Many animals use the colours and patterns on their bodies to help them blend into the background and avoid the attention of predators. But this strategy, crypsis, is far from perfect. As soon as the animal moves, the camouflage is broken, and it is much easier for a predator to see and catch it. So how do animals protect themselves when they’re on the move?
Researchers are exploring whether high-contrast patterns during motion, such as stripes and zigzags, may be distorting the predator’s perception of where the animal is going. But, as little is known about such “motion dazzle”, we have built an online game to help shed light on it.
Lessons From War
The idea is that it may be more effective for animals to focus on preventing capture, rather then preventing detection or recognition, is actually more than 100 years old. It was naturalist Abbott Thayer who suggested that high-contrast patterns may distort the perceived speed or direction of a moving object, making it harder to track and capture.
Such motion dazzle patterns were actually used in World War I and II, where some ships were painted with black and white geometric patterns in an attempt to reduce the number of successful torpedo attacks from submarines. However, due to many other factors affecting wartime naval losses, it is unclear whether motion dazzle patterns actually had the desired effect.
HMS Argus displaying a coat of dazzle camouflage in 1918. wikimedia
What about the natural world? Zebras have bold stripes, and scientists have debated the function of their patterns since Darwin’s time. A recent modelling study suggested that when zebras move, their stripes create contradictory signals about their direction of movement that is likely to confuse predators. There are potentially two visual illusions responsible for this, which could form the basis of motion dazzle effects: the wagon wheel effect and the barber pole illusion.
The wagon wheel effect is named after Western movies, where the wheels on wagons often appear to be moving backwards. This is because the visual system takes “snapshots” over time and links them to create a continuous scene, in the same manner as recording film. If a wheel spoke moves forward rapidly between sampling events, it will appear to have moved backwards as it will be misidentified as the following spoke.
Wagon Wheel effect explained.
The barber pole illusion (also known as the aperture effect) occurs because the moving stripes provide ambiguous information about the true direction of movement. These illusory effects produced by stripes could therefore lead to difficulties in judging the speed and movement of a moving target. However, the zebra study was entirely theoretical and didn’t test whether striped patterns actually affected the judgements of real observers.

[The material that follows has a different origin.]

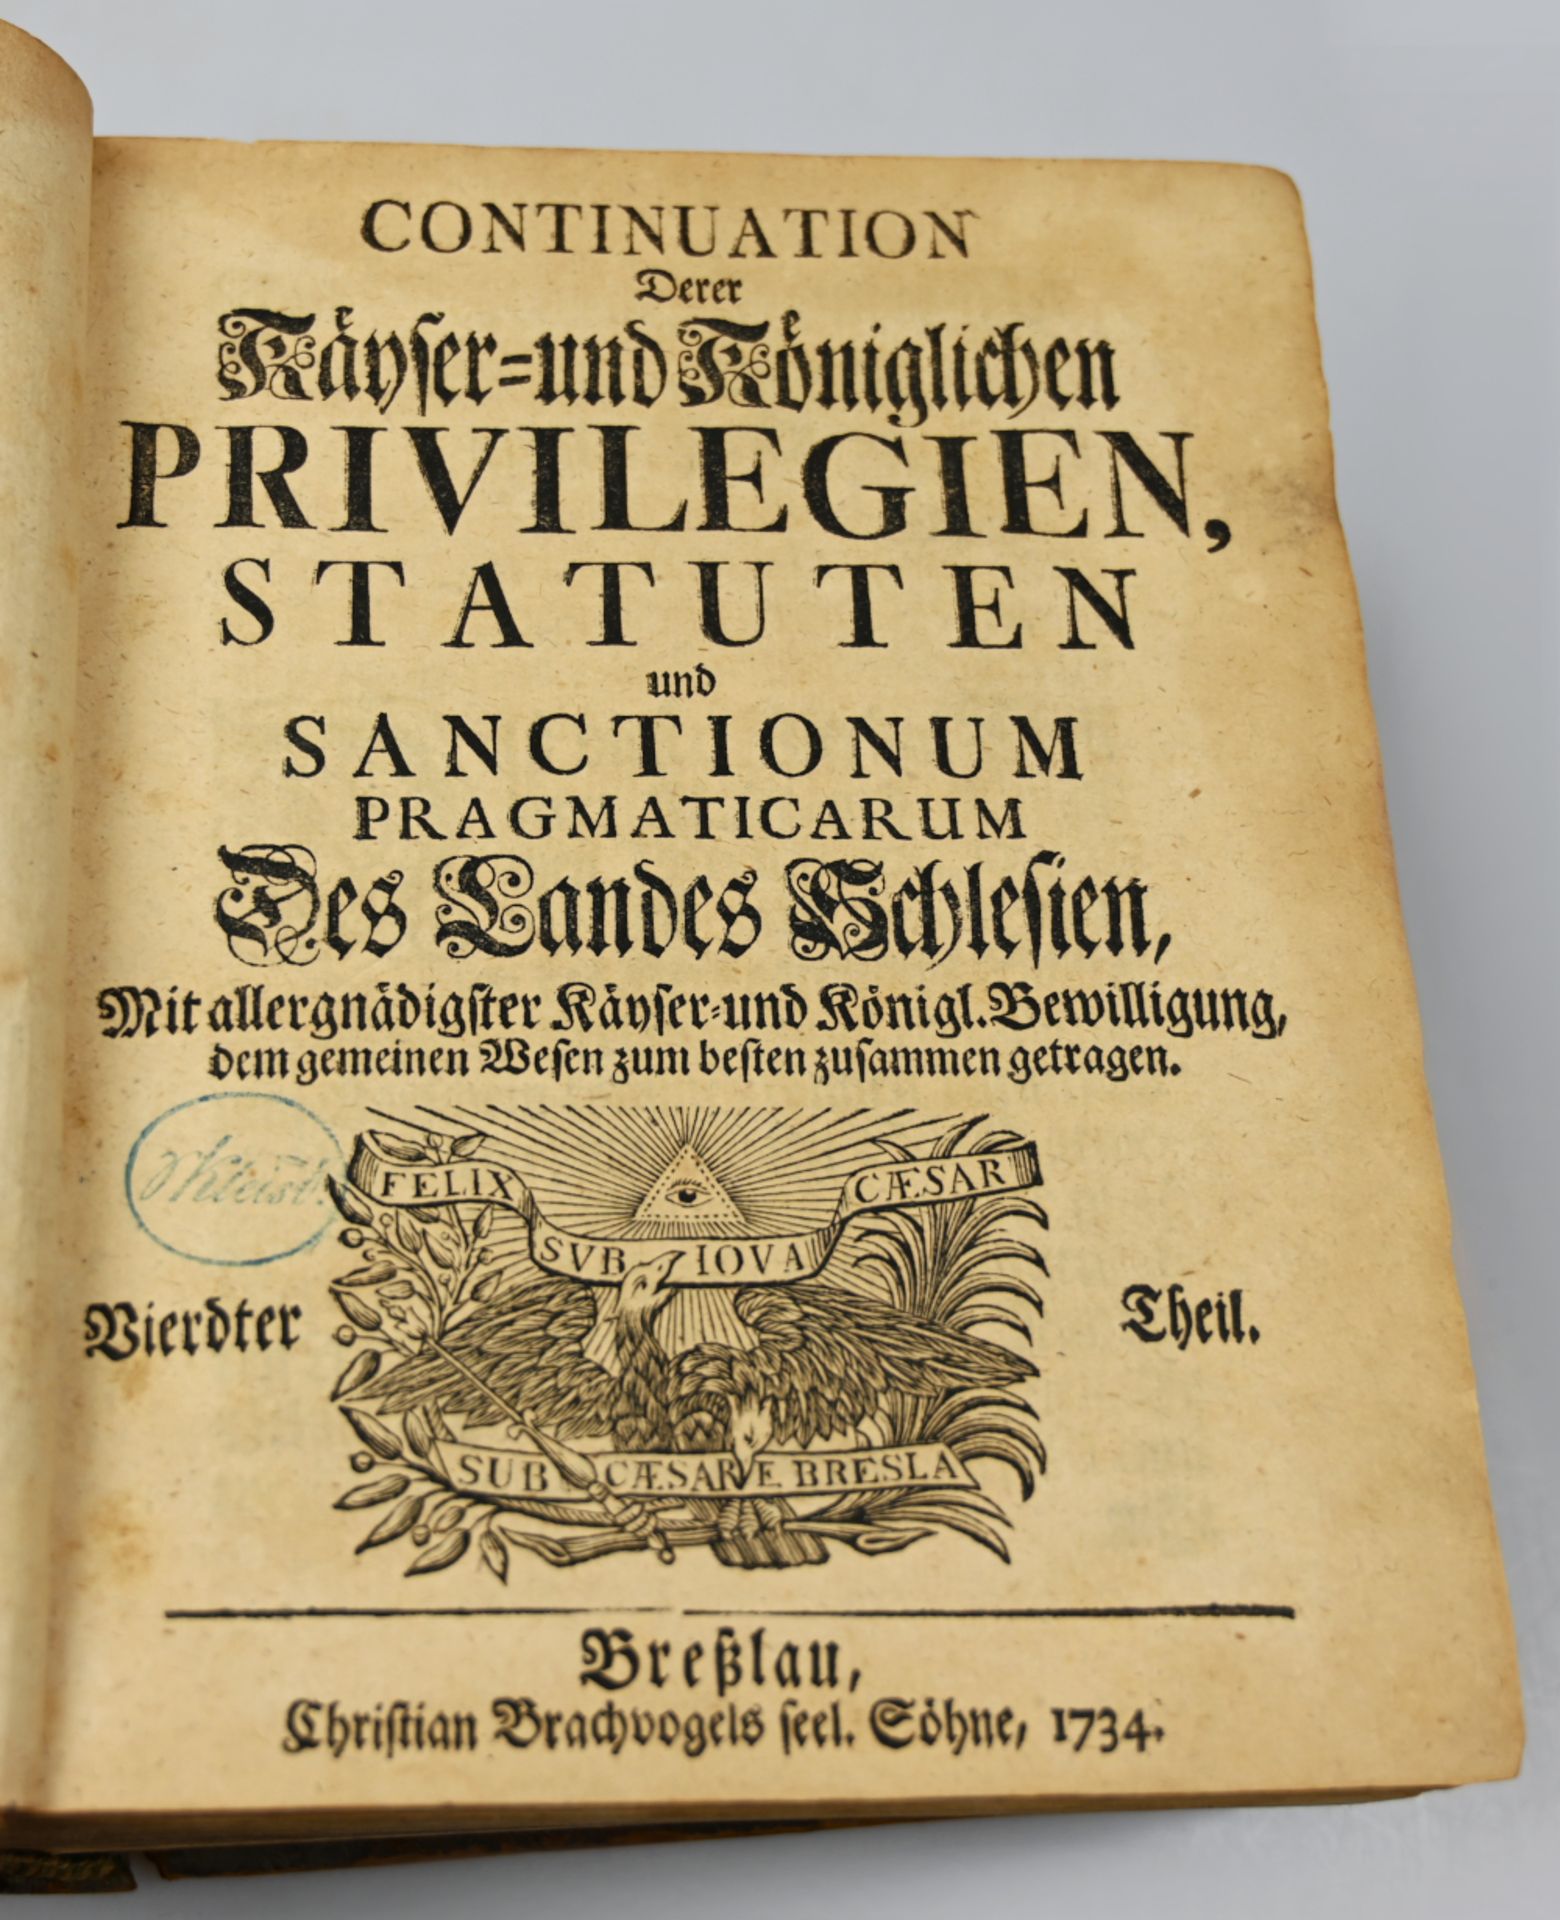 1 Buch "Continuation Derer Kayser- und Königlichen Privilegien, Statuten und Sanctionum Pragmaticaru

Surprisingly, the first experimental tests of the effectiveness of motion dazzle patterns weren’t carried out until recently. Some studies have shown that strikingly patterned targets can be more difficult to catch than targets with other patterns in studies using humans as “predators” playing touch screen computer games. However, other studies have found no clear advantage for motion dazzle patterns So although patterns can affect our perception of movement, it’s still not clear which are most effective at doing so.
Can you see the spider? Crypsis can be pretty effective – as long as you don’t move. J Kelley, Author provided
We are addressing the question of which patterns are best for avoiding predators during movement using Dazzle Bug – an online game that asks players to imagine themselves as a predator, trying to catch a moving bug as fast as possible. Each bug has a different body pattern as well as a random pattern of movement. Bugs with easy to catch patterns will disappear, whereas those that are particularly tricky to catch will survive ––just like in nature. Over time, the patterns on the bugs’ body will evolve so that they become harder to catch with each successive generation.
This citizen science project will allow us to see what patterns are most effective at evading capture. We can then use these results to look at what visual effects these patterns have, and to see whether these patterns match up with those found on real animals in the wild.
Our findings will offer insight into the role of stripes, which are common in many species. While these patterns may have evolved to confuse the visual perception of a predator, they may also be a result of other selection pressures, such as attracting a mate or regulating body temperature. If striped patterns survive and evolve in the game, this would provide strong evidence that these patterns do act to confuse human predators, perhaps by producing the illusions described above. As motion perception seems to be highly conserved across a wide range of populations, these illusions may occur for many other predators too.
If we find that patterns other than stripes – such as speckles, splotches or zigzags – are most effective in preventing capture, this then leads to new and interesting questions about how these patterns may act to confuse or mislead. Whatever the outcome, Dazzle Bug will provide insight into how bodily patterns may have evolved to help animals to survive life on the go.